Вышел из-за стола, прошелся, обошел кругом:
— Поймите правильно: я не намерен вам угрожать. Но теперь вам придется пройти несколько стадий отчаяния и муки — в прямом смысле. Первое: вас будут пытать. Иголки под ногти — самая малая малость, уж простите за тавтологию. Вы цветущая женщина, муж вас, я думаю, обожает. Ему придется пережить ваши мучения зримо.
— Ничего. Он знает — у кого «в гостях».
— А если вы станете свидетелем его истязаний?
Почувствовала, как уходит из-под ног крашенный желтой краской пол и меркнет раскаленная лампочка.
Подбежал, успел подхватить, усадил и брызнул водой из стакана — в лицо:
— Вот видите… А ведь еще ничего и не случилось. Конвой! — крикнул, влетели двое, схватили, подняли с табуретки. — Вниз. Привяжите к стене и начинайте. — Надю уволокли, и сразу же в соседнюю дверь втолкнули Дебольцова.

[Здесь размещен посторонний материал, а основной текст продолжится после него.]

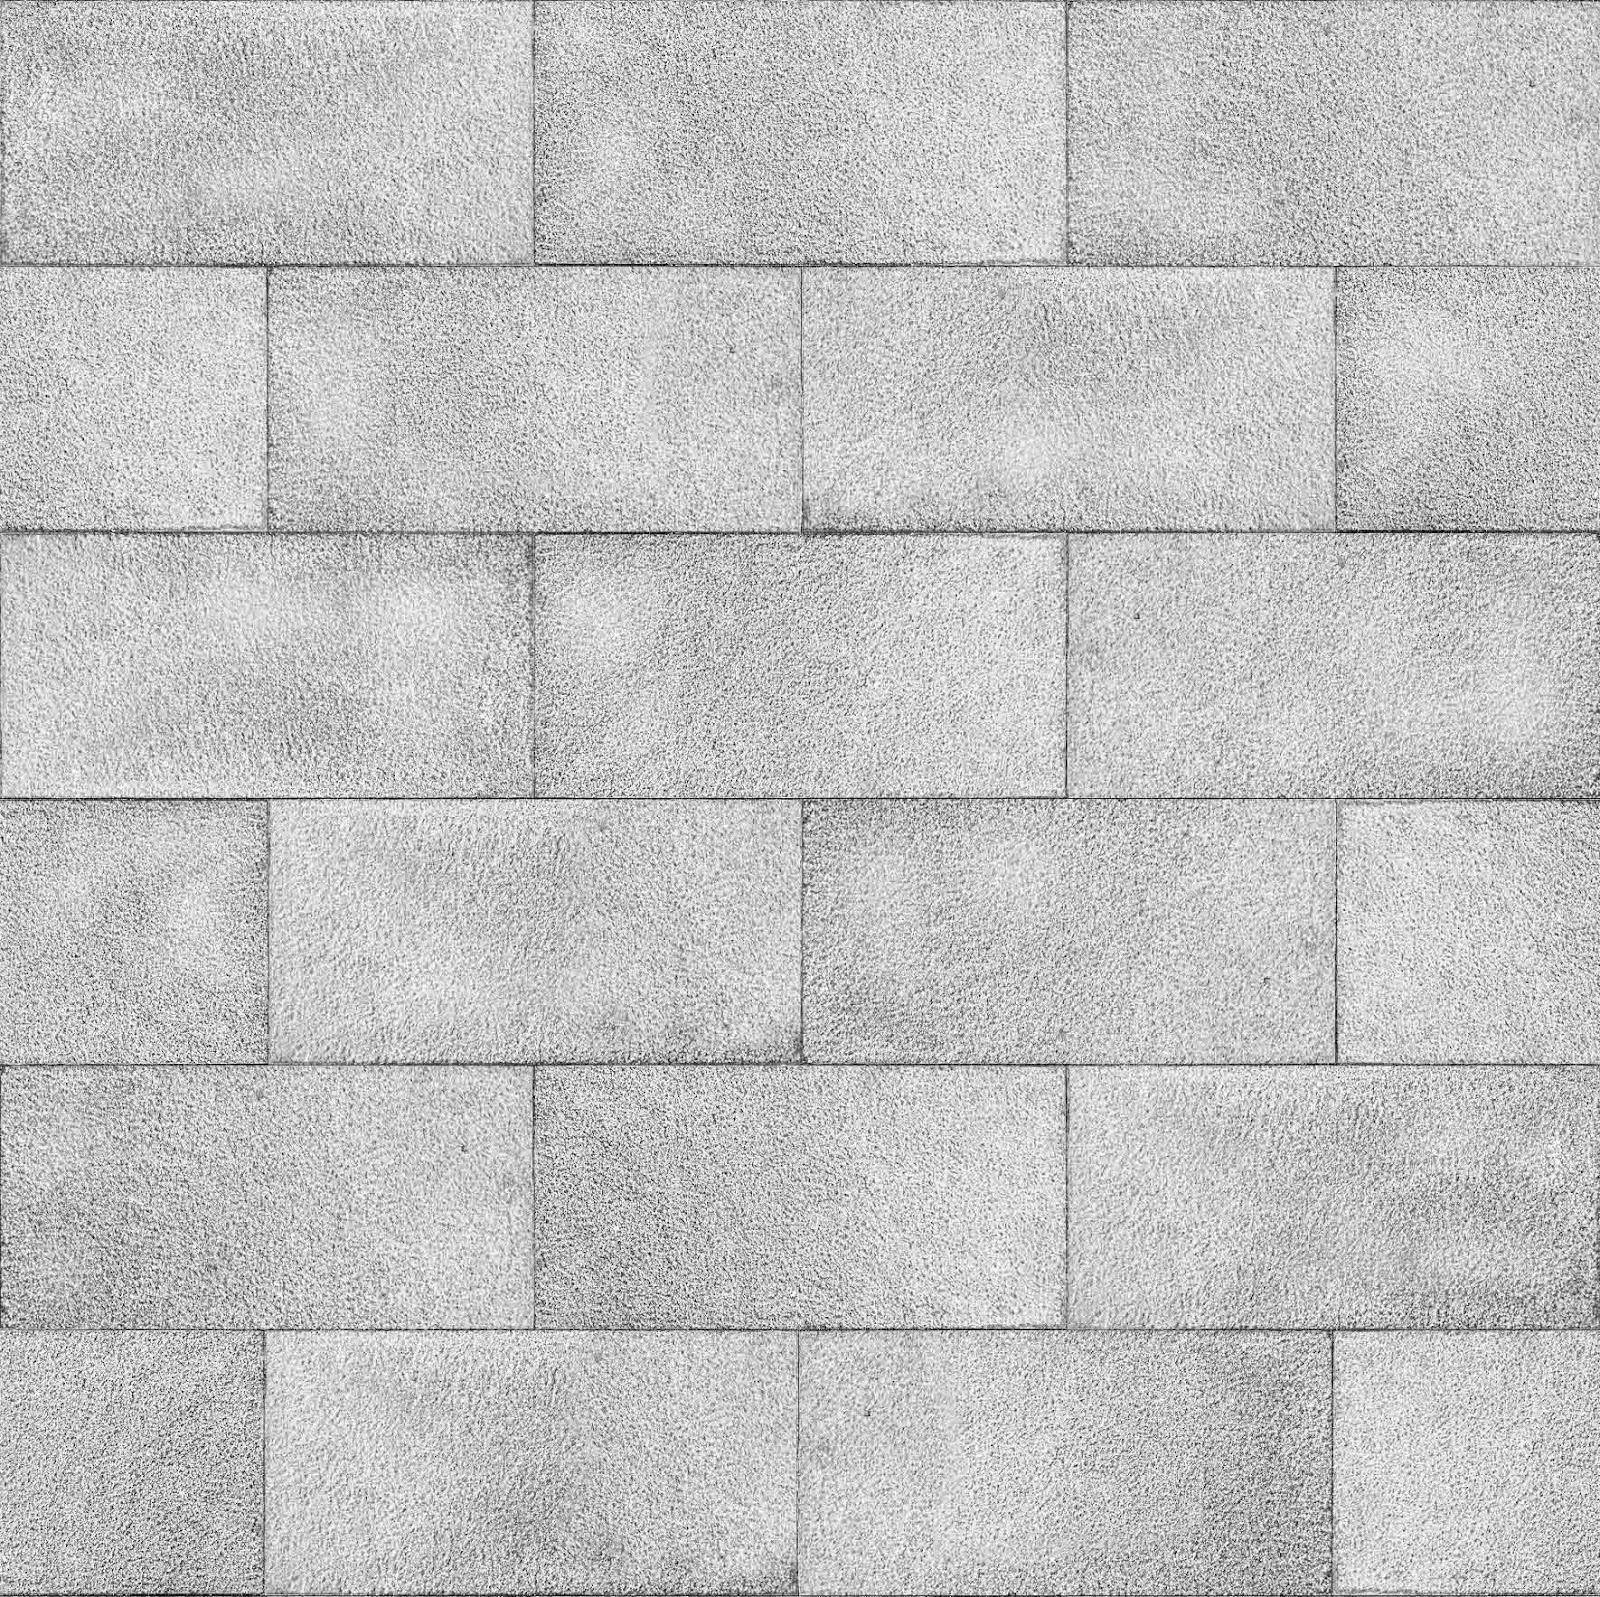 simo texture seamless pavimento basalto

Руки у него были за спиной, в наручниках. Стоял около табуретки и щурился: видимо, привели из темноты. Чекист подошел вплотную: — Вы все осознаете, полагаю. Выхода отсюда нет. Возражать не надо, дослушайте. Сейчас вас отведут вниз, там специально оборудованное помещение, два пуленепробиваемых стекла, триплекса, но видно хорошо. Вы увидите вашу Надю. Ее будут пытать. Крик ее вы тоже услышите. Вам это нужно? Чтобы я понял, внятно!
— Мне это не нужно. Что вы хотите?
— А что от вас хотел Василий Васильевич? Мы хотим того же. Сотрудничества. Вы станете информировать нас о том, что творится в недрах РОВСа, только информация, только!
— А ликвидация руководства? Врангеля, Кутепова, Миллера? Это вас не интересует? Вы с меня смеетесь, товарищ.
Чекист улыбнулся:
— Юмор… Ювеналовы штучки, «губернатор едет к тете»[23] и так далее… Хорошо. Вперед шагом марш.
Спустились на первый этаж, в подвал, лестница разворачивалась все дальше и дальше вглубь, Дебольцов насчитал этажа три по меньшей мере. Наконец чекист толкнул обитую кожей дверь, вошли в комнату. Здесь было мрачновато, в стене сиял сквозь два стекла ослепительно-белый свет. «Мне это мерещится, мерещится, — подумал — этого не может быть…» У стены стояла нагая Надя, руки вздернуты высоко и продеты в кольца, вделанные в стену, покрашенную темной масляной краской.
— Мне это снится… — сказал вслух. — Зверье…
— До победы Мировой революции очень еще не близко, гражданин Дебольцов. Наша служба всячески приближает ее, садитесь. Привяжите его к креслу, зрелище и в самом деле тяжелое…
Невидимые подскочили, опустили в кресло, руки мгновенно пристегнули к поручням.
— Начинайте, — приказал негромко. — А вы, гражданин, когда утомитесь — безо всякого стеснения уведомьте. Капните ему в глаза, чтобы не малодушничал, не закрывал.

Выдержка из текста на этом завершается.